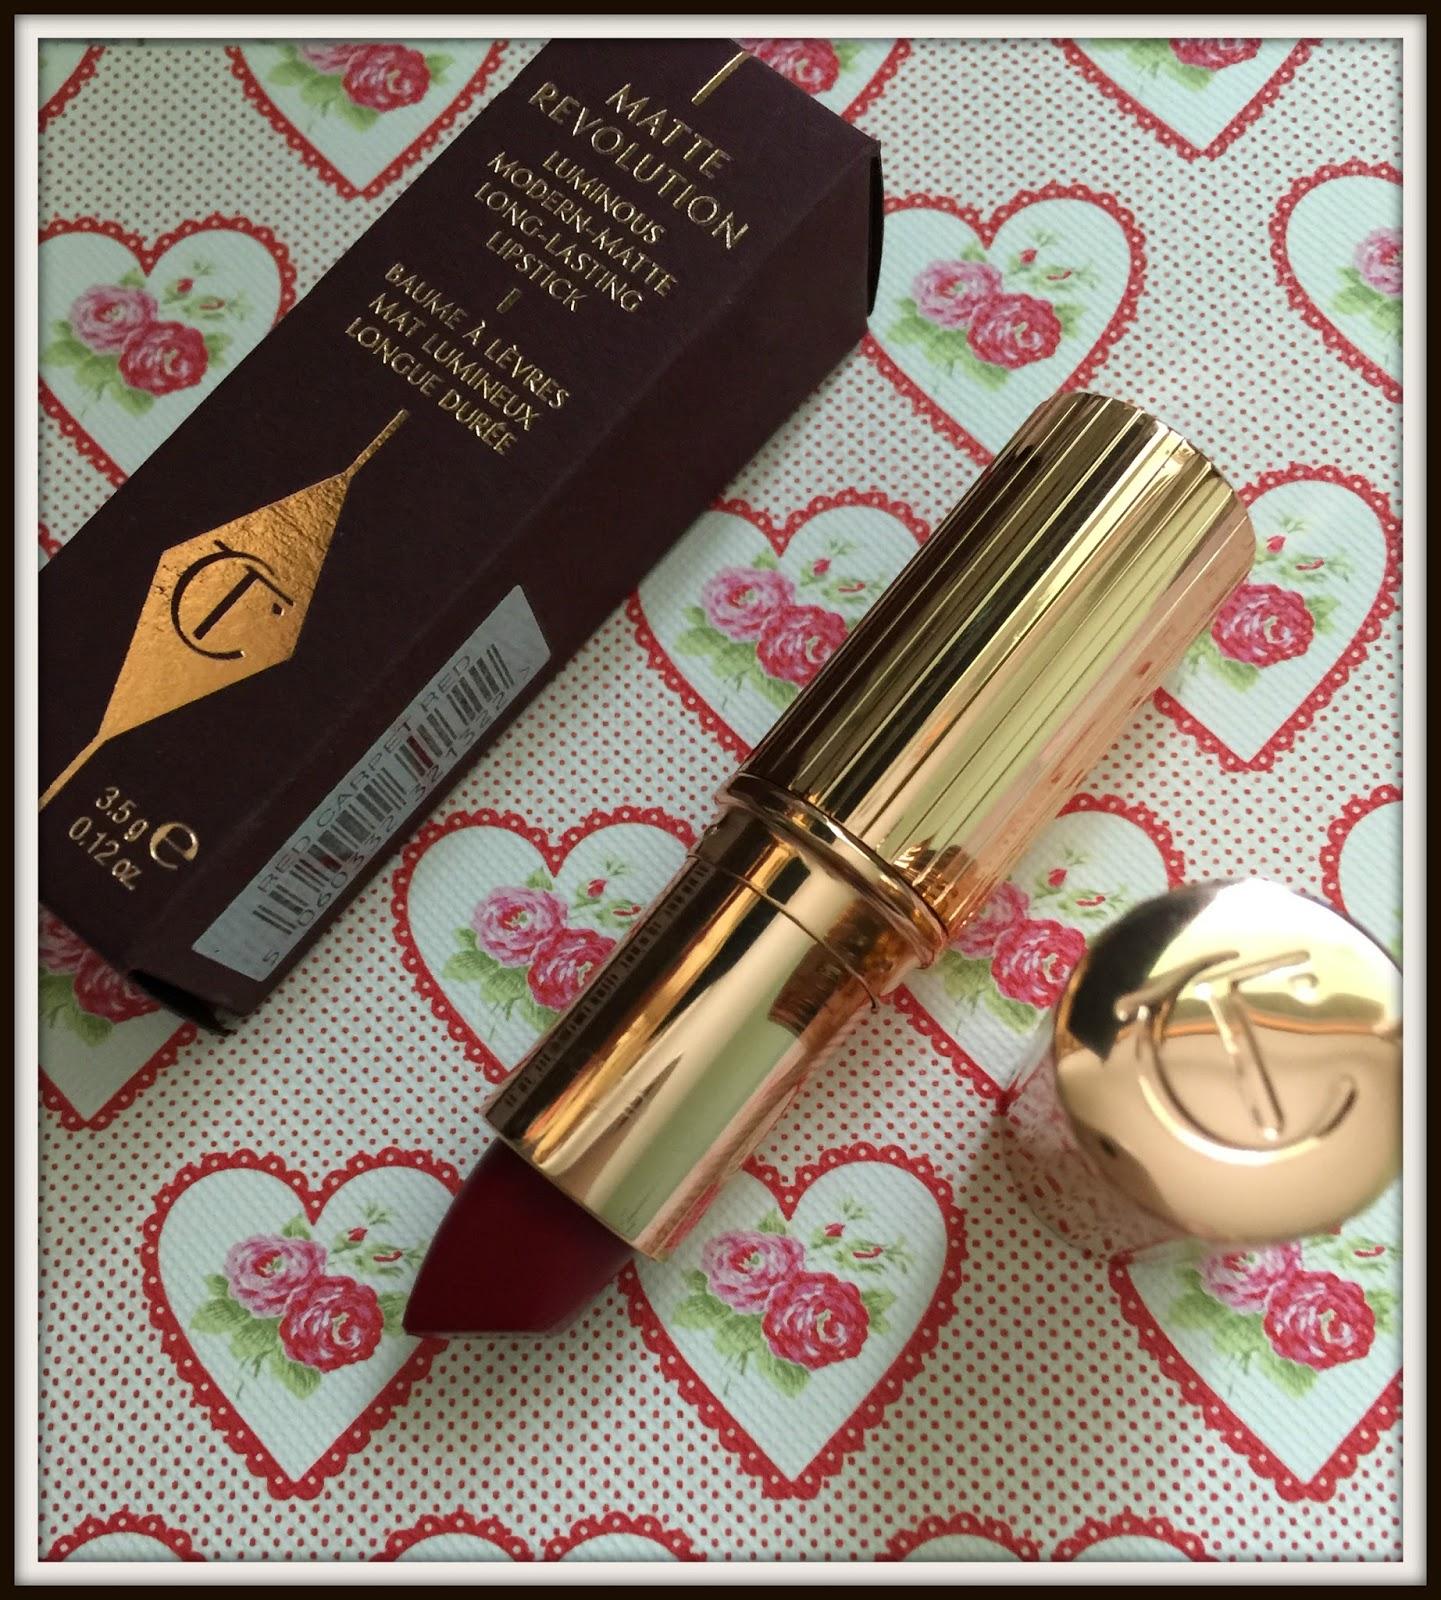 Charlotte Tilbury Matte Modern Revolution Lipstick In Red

==

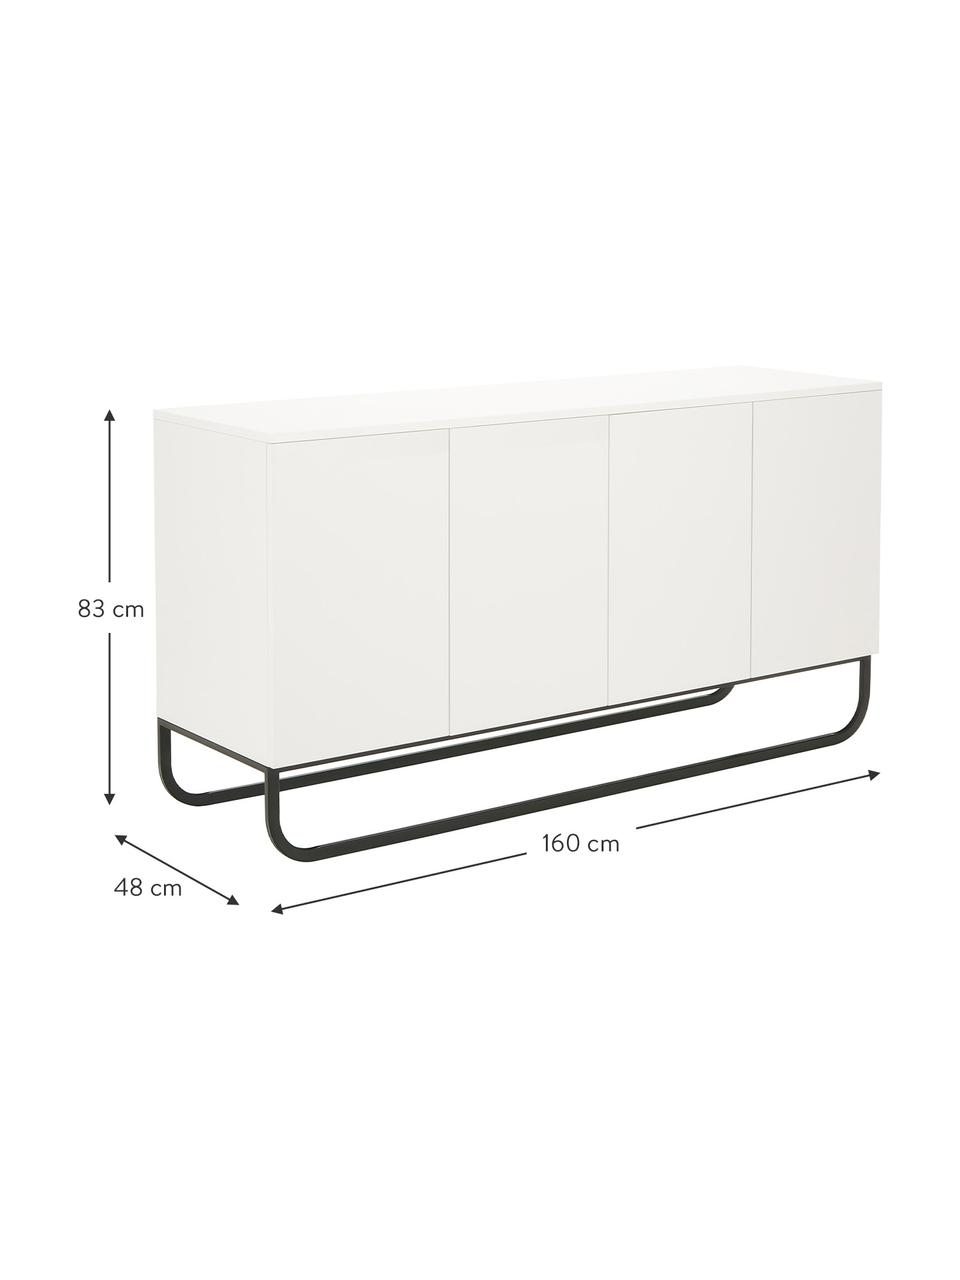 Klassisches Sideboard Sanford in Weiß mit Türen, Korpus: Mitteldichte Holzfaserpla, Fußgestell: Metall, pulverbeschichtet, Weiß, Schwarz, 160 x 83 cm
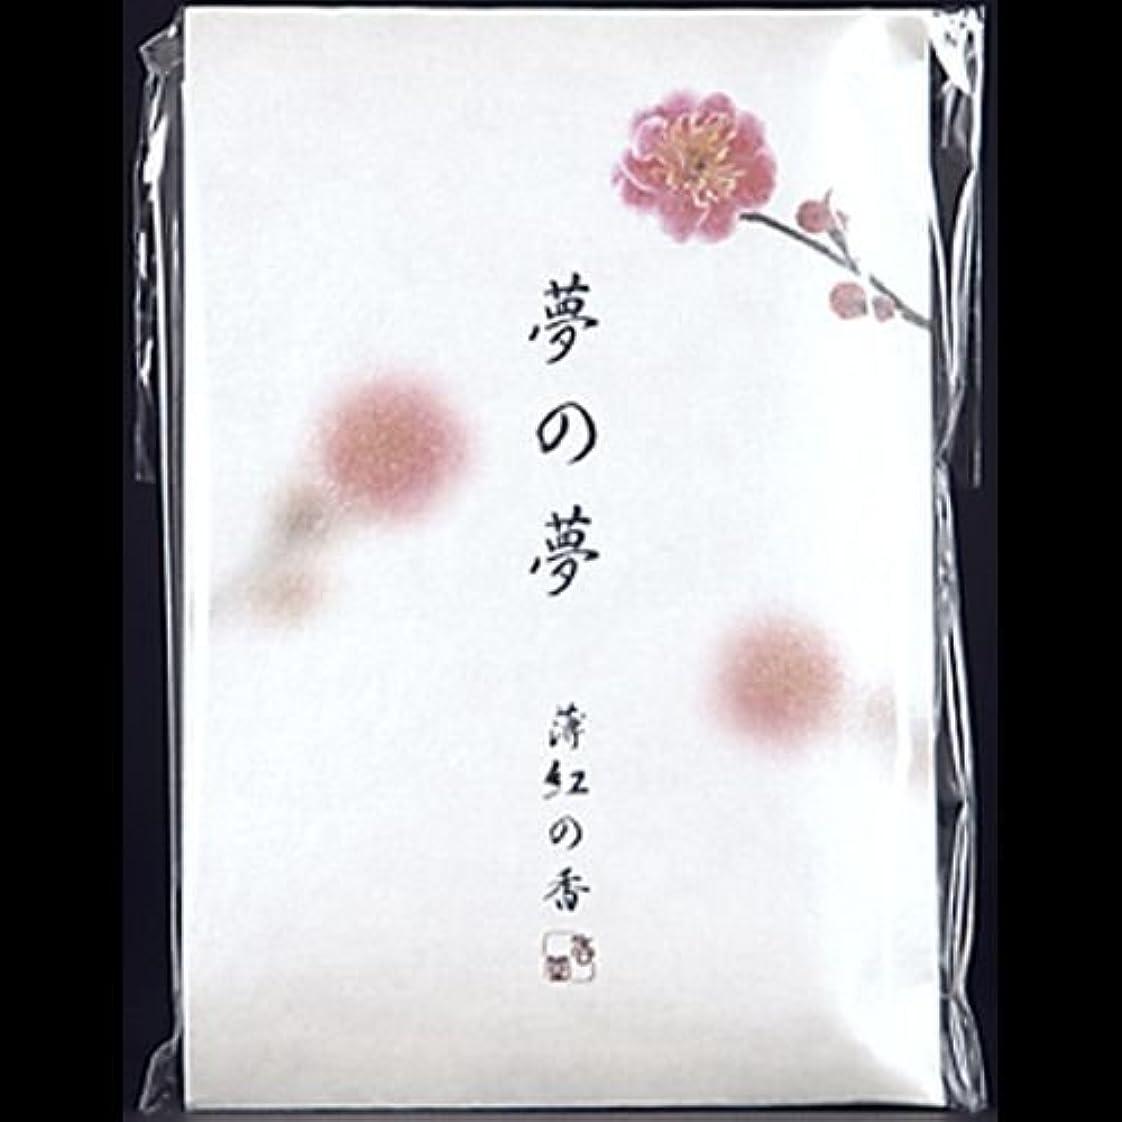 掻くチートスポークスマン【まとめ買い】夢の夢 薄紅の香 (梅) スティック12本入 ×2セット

YOUR OBJECTIVE: Look through the listing above for the line with "Klassisches Sideboard Sanford" and the line with "掻くチートスポークスマン【まとめ買い】夢の夢 薄紅の香 (梅)". Write out exactly those lines and everything between, leaving out pictures.

COMPLETED TASK:
 Klassisches Sideboard Sanford in Weiß mit Türen, Korpus: Mitteldichte Holzfaserpla, Fußgestell: Metall, pulverbeschichtet, Weiß, Schwarz, 160 x 83 cm
 掻くチートスポークスマン【まとめ買い】夢の夢 薄紅の香 (梅) スティック12本入 ×2セット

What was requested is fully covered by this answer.